Details released on cameras





by BRIAN NADIG

A proposal to install red light cameras at the intersection of Foster Avenue and Northwest Highway and at Milwaukee and Central avenues would be part of a plan to improve traffic flow and safety within a two-block area that has five signalized intersections.

Details of the proposal were released at a June 14 community meeting which the city Department of Transportation held at the Copernicus Center, 5216 W. Lawrence Ave. The cameras would be installed for traffic traveling south on Central at Milwaukee, southeast on Milwaukee at Central, east on Foster at Northwest Highway and southeast on Northwest Highway at Foster.

Eight area residents and eight members of a group that opposes all red light cameras in the city attended the meeting, according transportation spokeswoman Susan Hofer.

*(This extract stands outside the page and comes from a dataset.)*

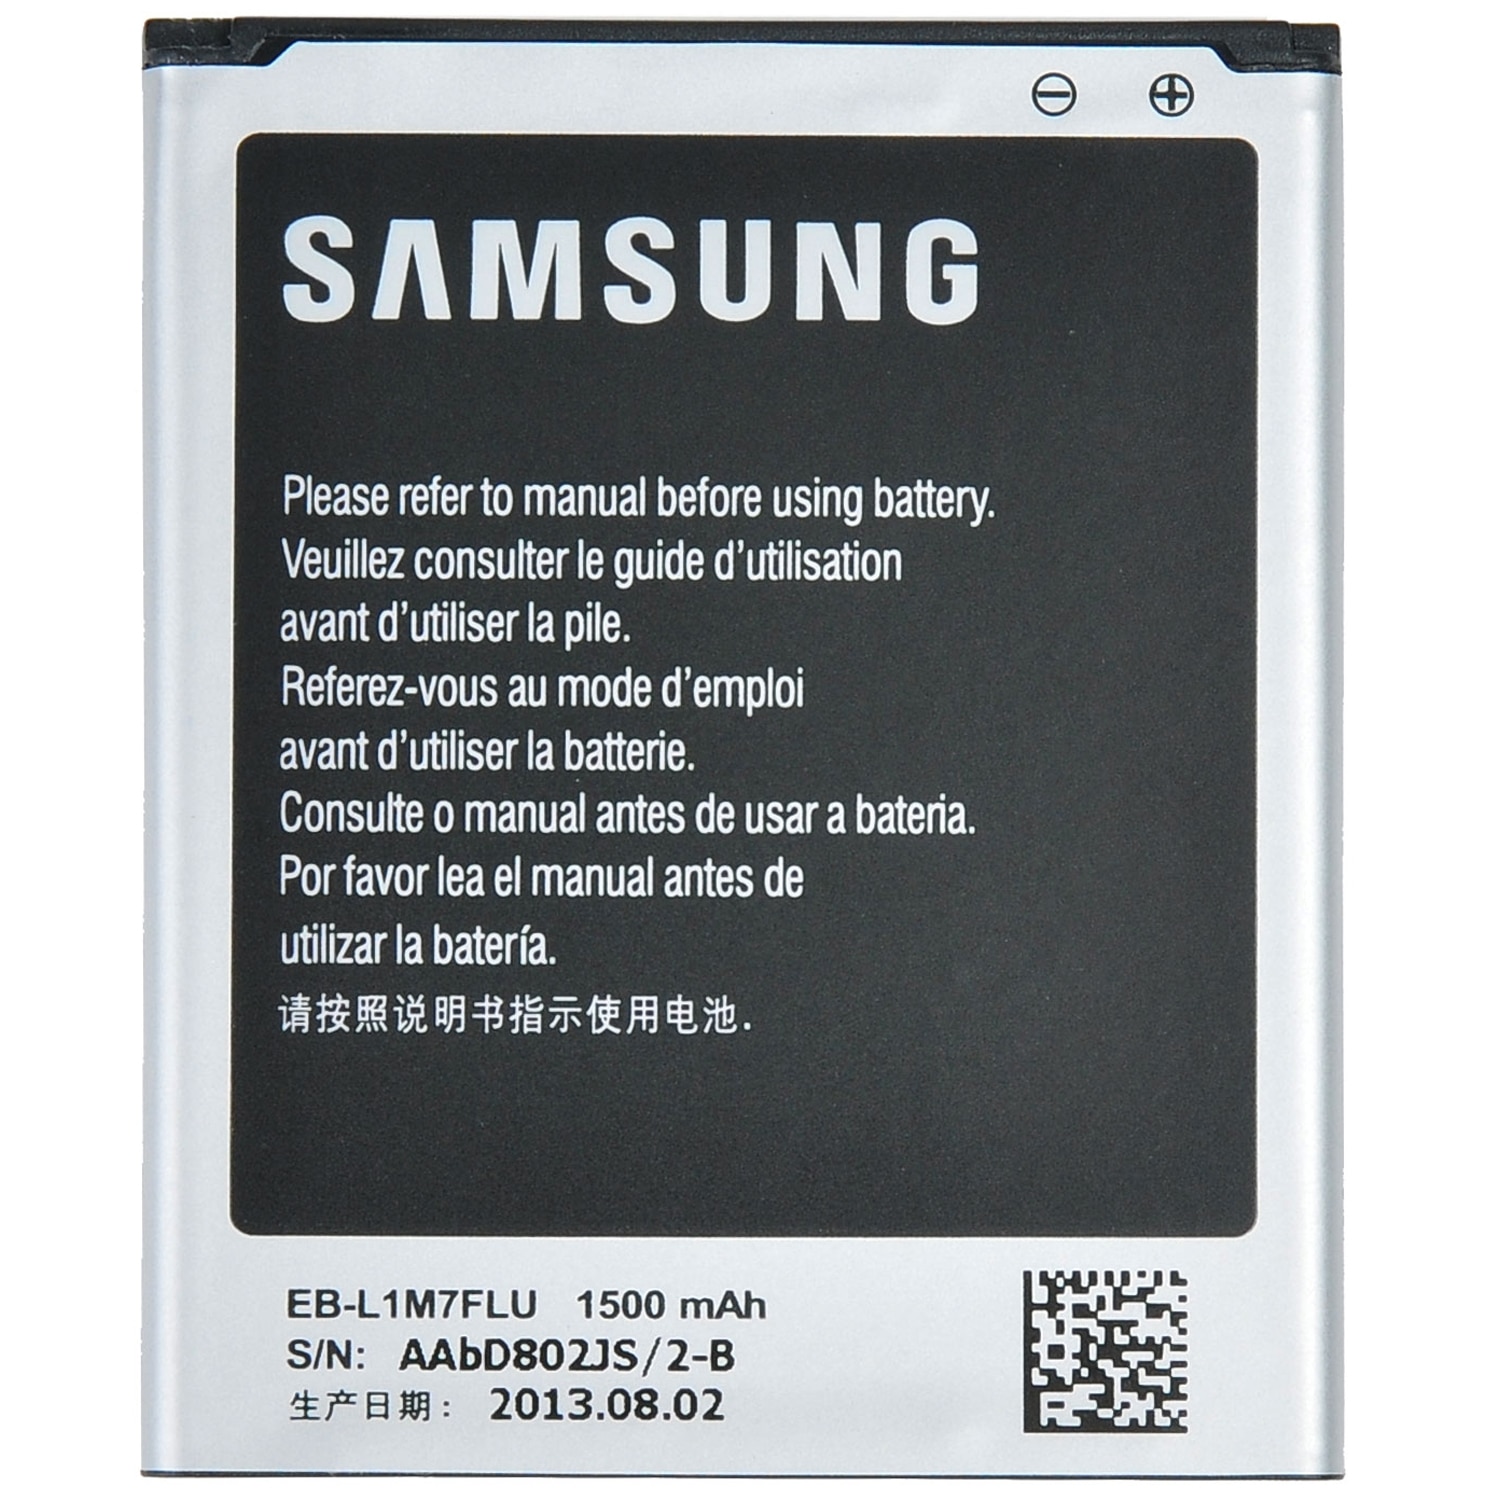 Recall Inspection drain Acumulator Samsung pentru Galaxy S3 mini,1500mAh - eMAG.ro

There was a consensus among the residents that "something needs to be done" to reduce area congestion and to improve vehicle and pedestrian safety, but concerns were raised about the effectiveness of automated traffic enforcement cameras, Hofer said. The cameras would be removed if it were later determined that they were ineffective at those intersections if the department decides to proceed with the proposal, she said.

The project would include improved coordination of the area’s traffic signals. "There’ll be better flow," Hofer said. "So that if you are going the correct speed, it won’t be red light, red light, red light."

Also, newer traffic signals with left-turn arrow capability may be installed as part of the project. Currently, the green light for southbound Milwaukee traffic at Foster activates several seconds earlier than for northbound traffic, but there is no arrow instructing vehicles in the left-turn lane that they can proceed.

Red light cameras are intended to prevent side-angle and turning crashes that often cause the most serious injuries, according to the department. Yellow lights are being extended at camera intersections to help prevent rear-end crashes due to sudden braking.

A study by the Northwestern University Transportation Center found that there was a 10-perent reduction in injury-causing accidents at intersections with cameras and a measurable spillover effect that improved safety at intersections without cameras.